Due le linee che voglio evidenziare: la prima è fatta di apertura e rispetto, capacità di accogliere e contenere percorsi di vita non sempre corrispondenti a quella  linearità che ci piace immaginare. Ci voleva Picasso per spezzare le forme e farle rimanere ancora nell’arte.
Se questo esige fatica perché ciò che è diverso scardina le nostre certezze e ci mette in balìa dell’ignoto, è vero anche l’inverso, l’ignoto e la fatica ci permettono di vedere ciò che è spezzato, in una certa visione, all’interno di un percorso di vita che ha ancora tutte le caratteristiche per definirsi tale.
Affinché questo accada, affinché si dia qualche modifica nei nostri orizzonti di pensiero è necessario lasciare la propria riva. Siamo un po’ tutti “una barca che anela al mare eppure lo teme” come dice la splendida poesia di Edgar Lee Masters in Antologia di Spoon River; eppure sappiamo bene che è l’unica possibilità per raggiungere l’altra.
Il desiderio da solo a volte non basta, una condizione essenziale per lasciare la propria sponda e uscire da quell’immobilismo che genera violenza sono due braccia tese e una voce che chiama; come per il bimbo piccolo che si muove verso chi gli dice: “vieni” e si dispone ad accogliere l’incertezza dei suoi primi passi.
Primo: non giudicare, in tutta la Scrittura è ripetuto in continuazione che il giudizio appartiene a Dio.

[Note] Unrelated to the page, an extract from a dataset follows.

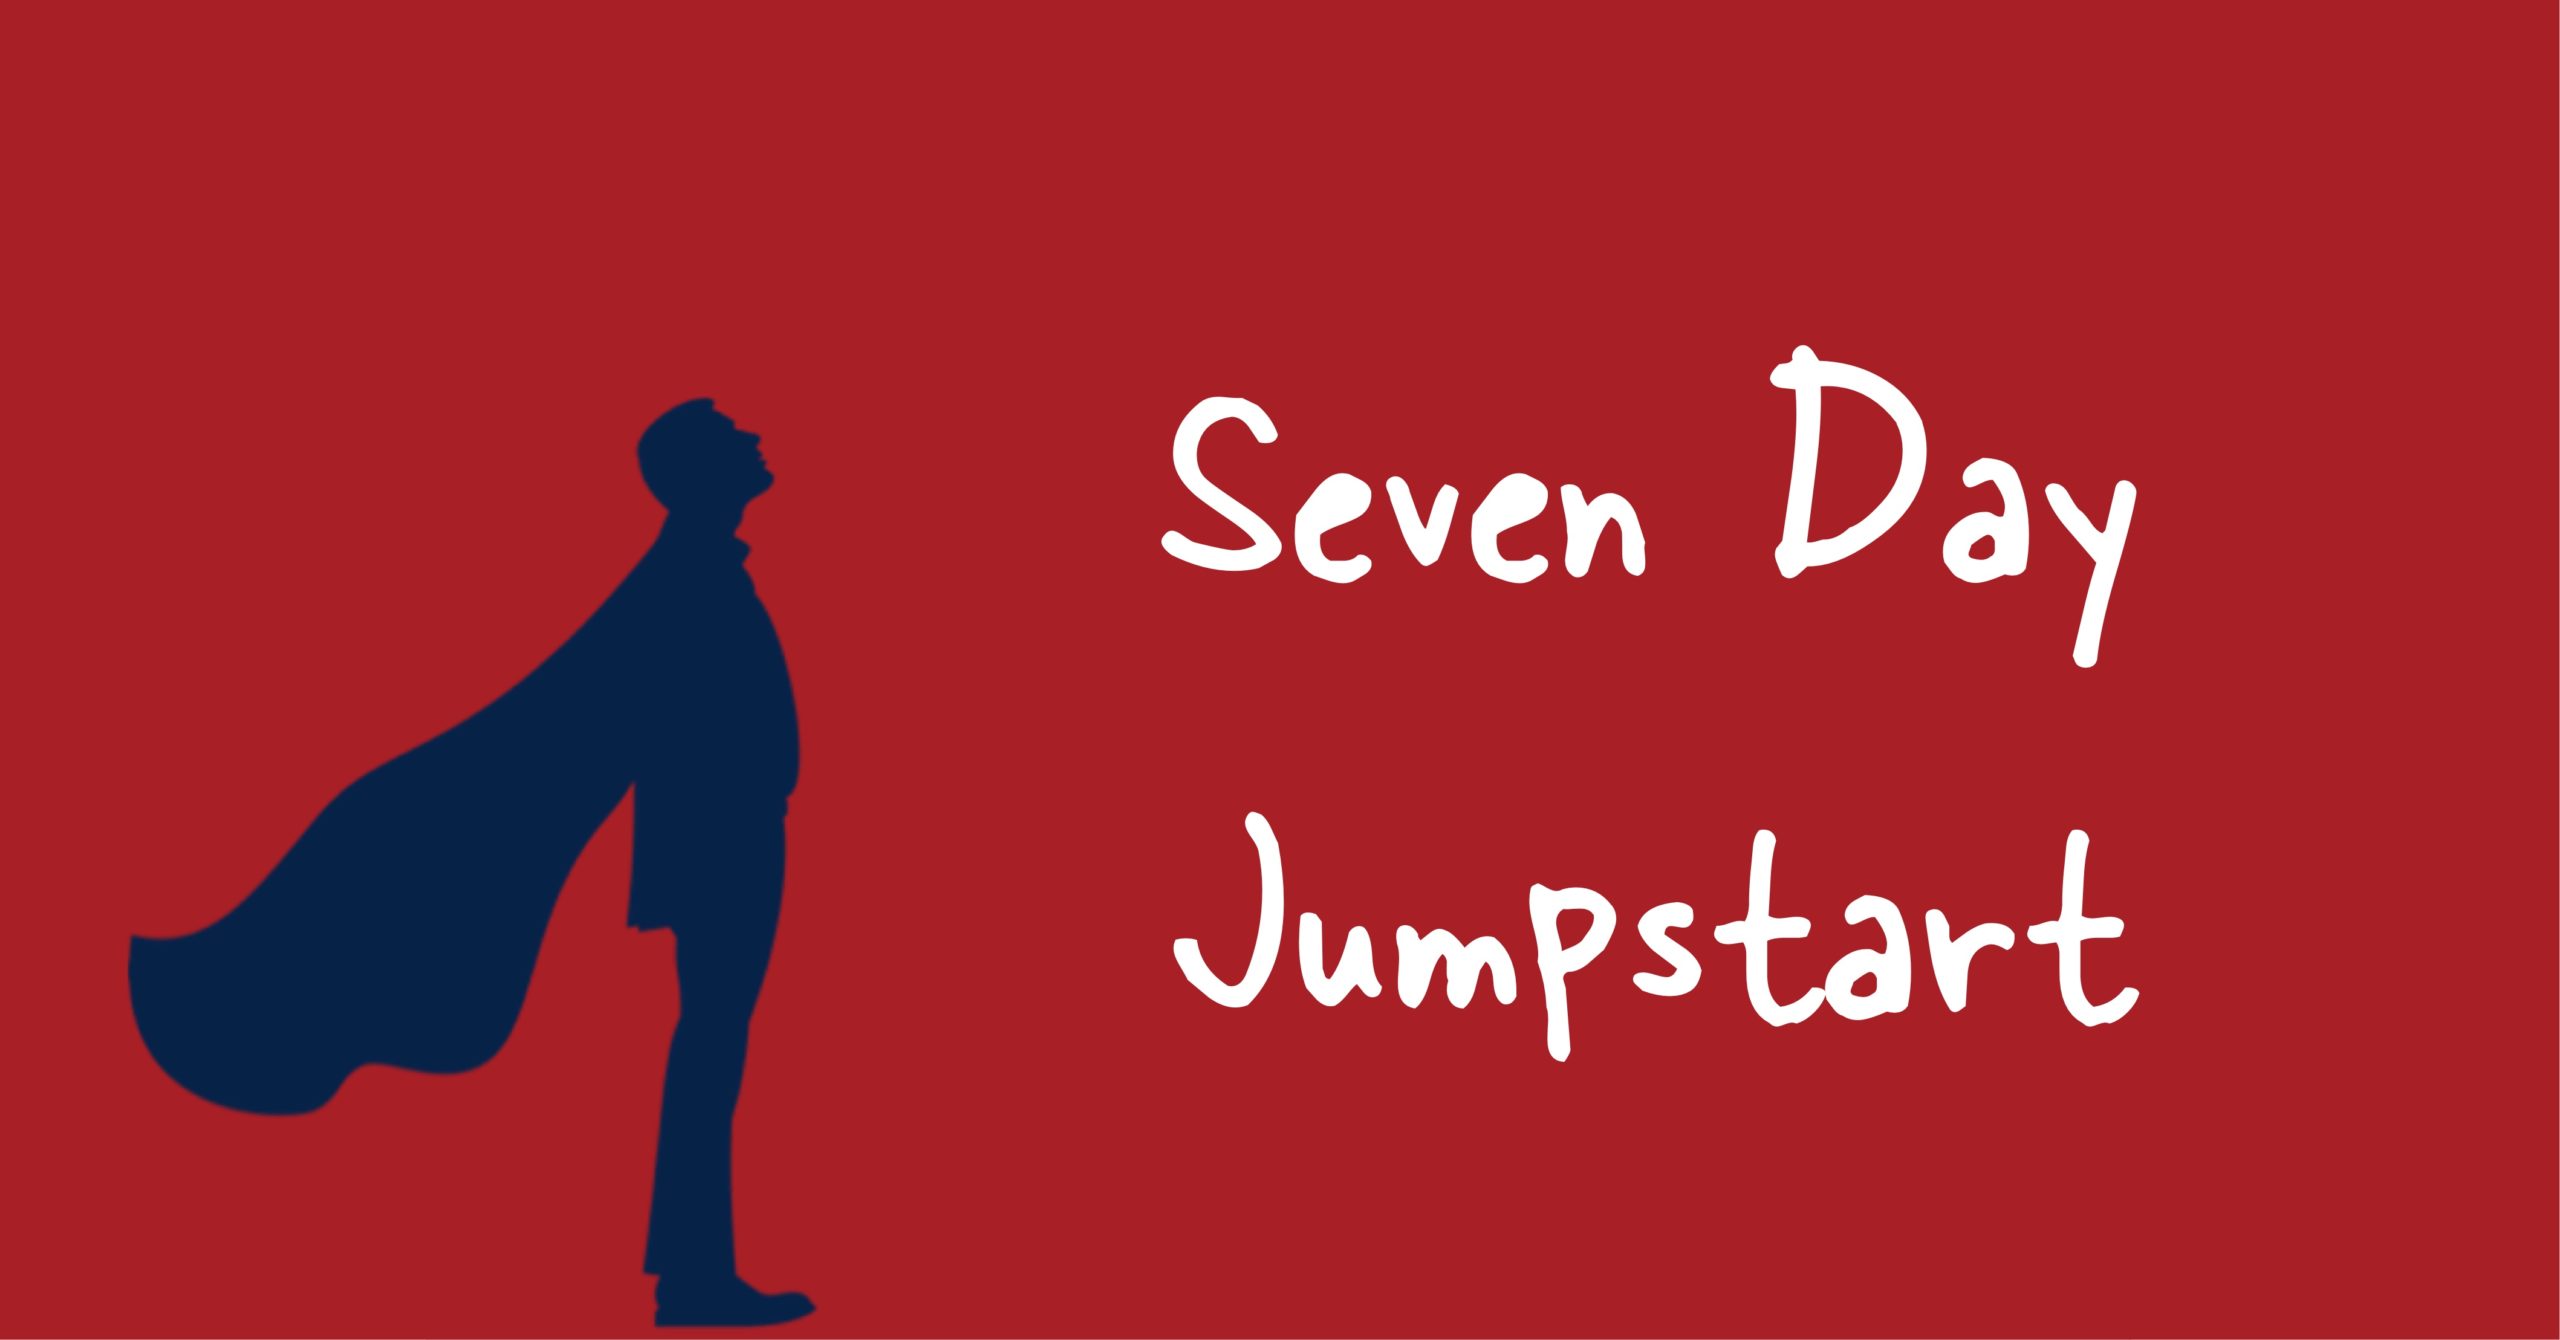 Seven Day Jumpstart

A noi che vogliamo essere suoi seguaci è chiesto discernimento e rigore, questa è la seconda linea: pedofilie più o meno occultate, paradisi fiscali, scarpe di Prada pensiamo possano essere due braccia rassicuranti?
Meglio restare nella propria sponda, aggrapparsi alle proprie certezze, pestare pugni e dare la caccia agli eretici di turno.
La posta in gioco è alta.
Come donne e uomini di fede siamo fortemente interpellati ad essere segno tangibile. A saperci “segnati”, ovvero appartenenti a Cristo. Incisi nella carne da chi ha tolto per noi la morte e ha fatto sgorgare una vita nuova. Siamo  allora chiamati a fuggire le opere di morte, piccole o grandi che siano, a ritrovare il senso di un peccato sociale che è molto più radicale di ciò che appare in superficie.  Ci troviamo a condannare la violenza e continuiamo, come Pilato, a lavarci le mani, ci bendiamo gli occhi e non vogliamo o non possiamo sapere che l’abbiamo prodotta.
Un passo diverso dunque se cammino si vuole diverso, passo che sostiene la fatica e si apre alla gioia della danza.